The team debuted new senior programs at the 2022 Lake Placid Ice Dance International, where they won the bronze medal. Shortly afterward, they appeared on the Challenger series at the 2022 CS U.S. Classic, finishing sixth. At their second Challenger, the 2022 CS Budapest Trophy, Wolfkostin/Chen won the bronze medal, setting three new personal bests in the process. In November, they were invited to make their senior Grand Prix debut, finishing in eighth place at the 2022 Grand Prix de France. They were tenth at the 2022 NHK Trophy, struggling with level issues on several elements. Chen later said that illness and a training injury had hindered them during the Grand Prix. At the 2023 U.S. Championships, they placed tenth in the rhythm dance and fifth in the free dance, resulting in a seventh-place finish overall.

On February 8, Wolfkostin and Chen announced the end of their partnership.

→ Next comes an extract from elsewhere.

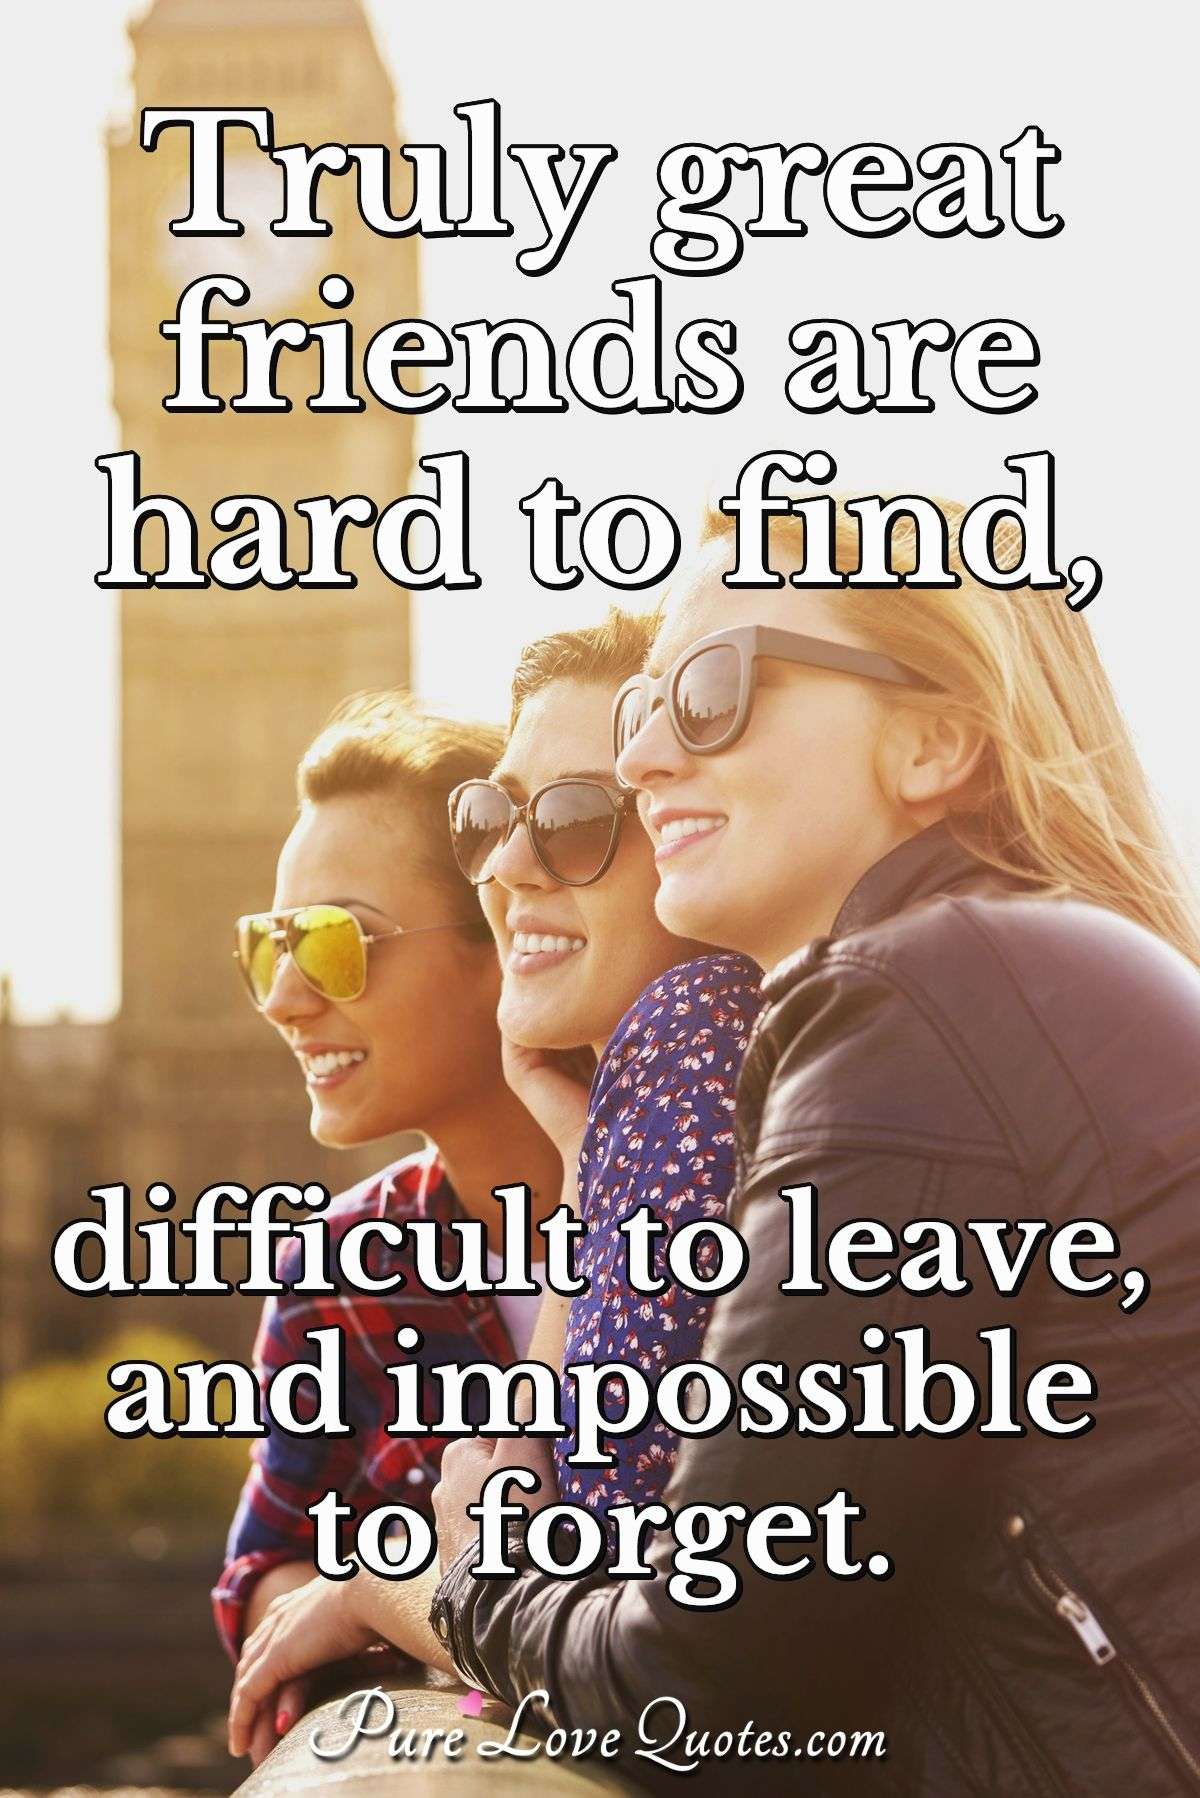 Truly great friends are hard to find, difficult to leave, and impossible to forget. - Anonymous

=== Partnership with Pedersen ===
==== 2023–2024 season ====
In April 2023, Chen formed a new partnership with Yahli Pedersen. Opting to start their competitive career together on the junior level, they were assigned to the Junior Grand Prix. They won the rhythm dance at the 2023 JGP Turkey in Istanbul, but after Pedersen fell in the free dance they came fifth in that segment and dropped to second place overall behind Ukrainians Pinchuk/Pogorielov. At their second event, the 2023 JGP Hungary in Budapest, they placed first after the rhythm dance with a new season's best score. In the free dance, Pedersen fell again and they placed sixth in the segment. They placed second overall, coincidentally behind a different Ukrainian dance team, taking their second consecutive silver medal.

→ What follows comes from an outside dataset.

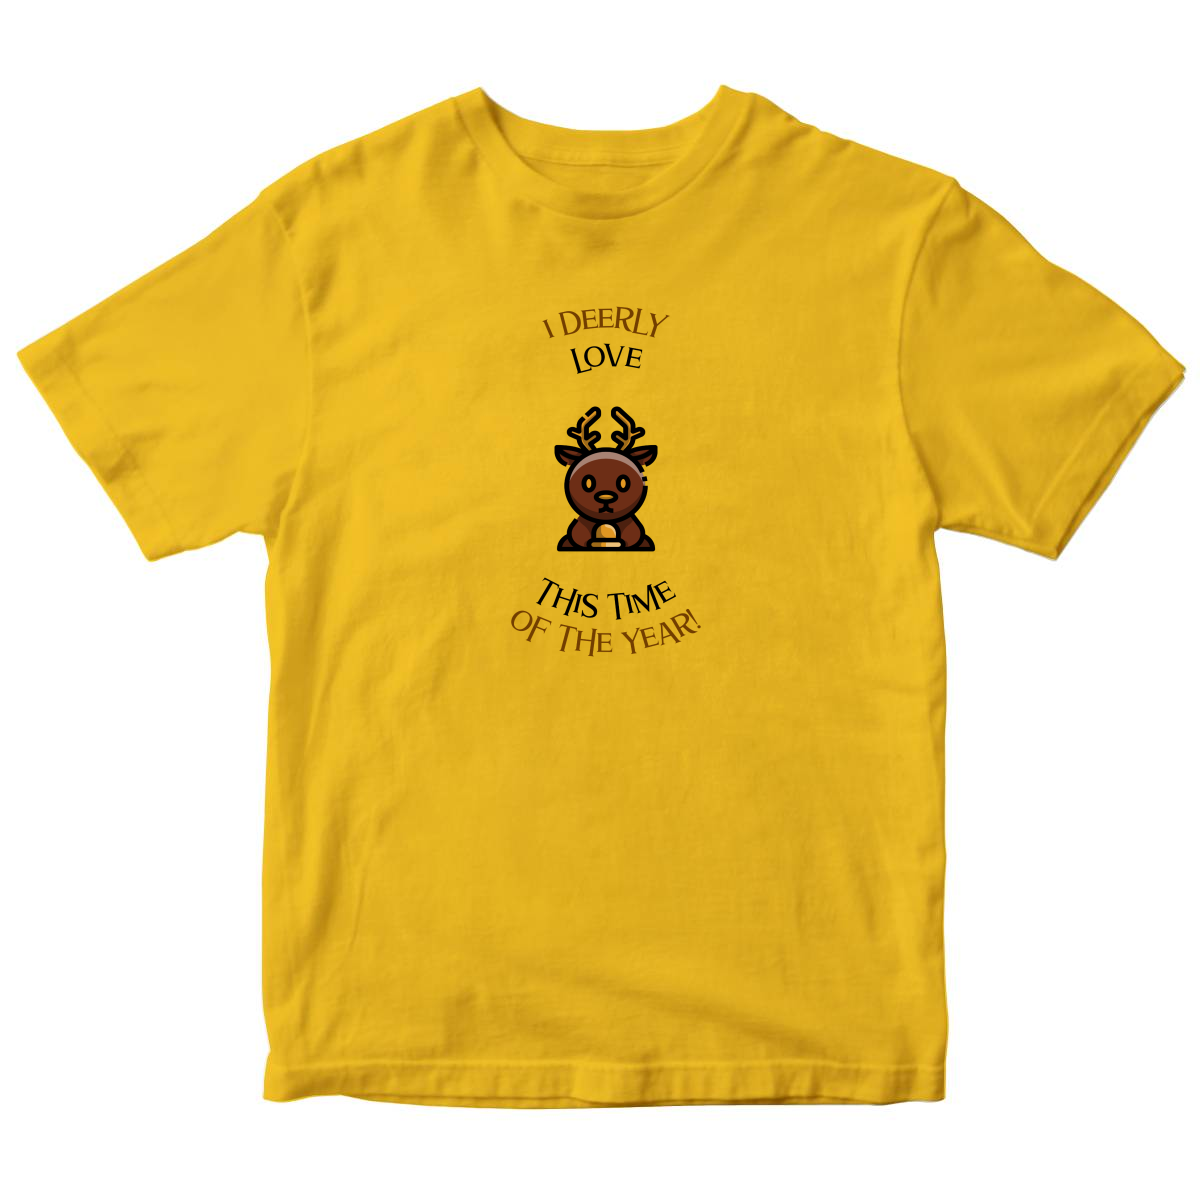 I Deerly Love This Time of the Year! Kids T-shirt | Yellow

Pedersen/Chen's results qualified them for the Junior Grand Prix Final in Beijing. They finished sixth of six teams in the rhythm dance after Pedersen fell in the middle of their foxtrot pattern dance. They were fifth in the free dance, receiving a new personal best, but they remained sixth overall. Pedersen said it was "a little bit hard to regroup" after the rhythm dance error, "but we think we managed pretty well."

In January, Pedersen/Chen placed third in the rhythm dance and second in the free skate to win the silver medal at the junior level of the 2024 U.S. Championships. They were named to the 2024 Junior World team. At Junior Worlds, they were thirteenth after the Rhythm Dance. Eighth in the free dance, they pulled up to ninth overall.

In April, Pedersen announced that the two had split.

=== Partnership with Morozov ===
==== 2024–2025 season ====
In May 2024, Chen teamed up with Russian-American ice dancer, Annabelle Morozov. It was subsequently announced that they would be coached by Charlie White, Tanith Belbin, Nikolai Morozov, and Greg Zuerlein in Canton, Michigan.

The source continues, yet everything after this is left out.